The realisation of efficient terahertz radiation sources and detectors is one of the important objectives of modern applied physics.  THz emitters and detectors have potential applications in biology, medicine, security and non-destructive in-depth imaging.  Existing THz emitters do no satisfy the requirements of these applications, and the creation  of cheap, reliable, scalable and portable sources and detectors is crucial.  Research in the Notedev consortioum aims to tackle the following four scientific and technological tasks:
 Polariton-based THz Emission

Under certain conditions, intersubband polaritons have a bosonic character; as a consequence they can undergo stimulated scattering. We propose to use this property to realize THz lasers, working without population inversion. As well, we will explore the possibility of the achievement of superradiant THz emission from the bilayer systems in which polariton states are hybridized with indirect excitons. After post growth processing and characterization, samples will be integrated with cavities for THz radiation. Such cavities are required to enhance the spontaneous emission rate for THz photons. THz cavities will be developed and modeling of realistic polaritonic emitters and THz optical components will be conducted. The experimental spectroscopy data will be analyzed and theoretical feedback will be provided for optimization and design of the proposed structures. A THz device which will be a combination of THz microcavities with quantum cascade active regions will be developed. THz electroluminescence and absorption experiments will be undertaken.

 Efficient THz  Emission

Two groups of materials will be grown by MBE (molecular beam epitaxy) and investigated: dilute bismides for interband absorption and low-temperature grown InGaAs that will be excited by 1550 nm radiation by the electron transitions from deep donor levels. In parallel, THz surface emitters made from narrow-gap InAs and InGaAs will be investigated as an alternative. The developed optoelectronic THz range components will be implemented in TDS systems activated by a femtosecond Er-fibre laser. THz emitters will be developed where the enhance the non-linear optical rectification effect will be enhanced by using MBE grown heterostructures containing InAs and InGaAs layers and by applying an external bias. For increased out- coupling of the THz radiation from the semiconductor structure, several different concepts will be investigated: corrugated surface structures, surface plasmon-polariton coupling, and illumination of the semiconductor with an interference pattern - all having a spatial period corresponding to the THz wavelength. We will also design  photoconductive THz antennae. Different semiconductor materials including GaBiAs, InGaAs, and InGaBiAs will be grown by the molecular-beam-epitaxy at reduced substrate temperatures. Additional measures such as various microstrip antennae designs and growing the photoconductive layer on a Bragg-reflector will be used for optimizing the device performance.

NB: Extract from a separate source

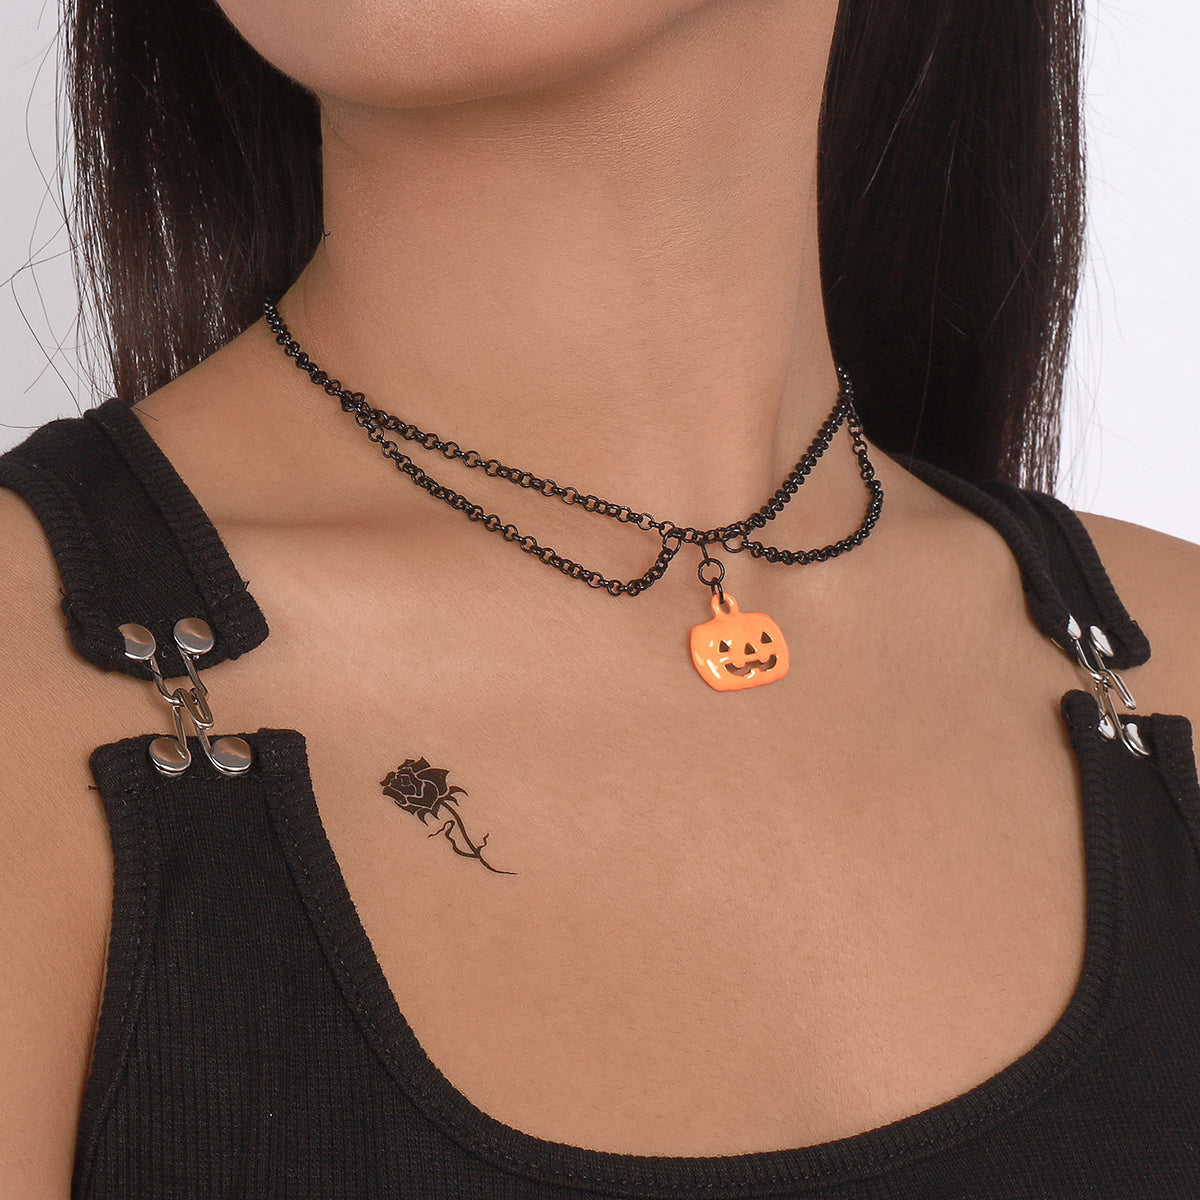 Halloween Nightmare Pumpkin Pendant Necklace medyjewelry

 Carbon Nanotubes and Graphene

Theoretical work will use the transfer matrix approach to study microcavity-embedded CNT (carbon nanotube) arrays and employ various quantum optics techniques for treating light- induced THz band gap opening in graphene as well as for superluminescence and gain calculations. We will study high-frequency Bloch oscillations in such superlattices as well as associated frequency multiplication in semiconductor CNTs with high chirality. Quasi-metallic CNTs, which have curvature-induced band gap in the THz range when electrically-biased should emit THz and mid-infrared radiation with the cut-off frequency defined by the bias voltage. Theoretical investigations of this effect will be undertaken for an array of CNTs embedded into a microcavity, as well as its experimental observation. Another scheme is based on THz transitions across the curvature-induced gap in quasi-metallic CNTs, with the population inversion created by optical excitation. A feasibility study of using graphene for THz applications will proceed by studying sub- picosecond relaxation processes in graphene using pump-probe measurements. THz absorption and the photoresponse of graphene p-n junction structures will be studied both theoretically and experimentally.

 Tunable THz Devices

Phase sensitive time- domain THz experiments in equilibrium and under applied electric bias or magnetic field and at variable temperatures will be undertaken. The objective of the research is to design and investigate tunable 2D and 3D dielectric structures for the THz spectral range based on dielectric micro- or nano-structures, including domain-patterned films and superlattices. The experiments will be supplemented with electromagnetic simulations of the response functions of the designed structures. The technological part of the work involves thin film deposition, realization of interdigitated or nanocrystalline transparent electrodes and laser micro-machining. Strain-induced multiferroics, which should exhibit giant magneto-electric coupling will be addressed. Biaxial strain in epitaxial thin films can induce the ferroelectric and ferromagnetic state in materials that are typically paraelectric and antiferromagnetic in bulk form. We will concentrate on the study of EuO, Ca3Mn2O7 and SrMnO3 thin films, which were recently predicted to be multiferroic using first principle calculations. Strained Ca3Mn2O7 thin film should even allow 180 degree switching of magnetization using an electric field.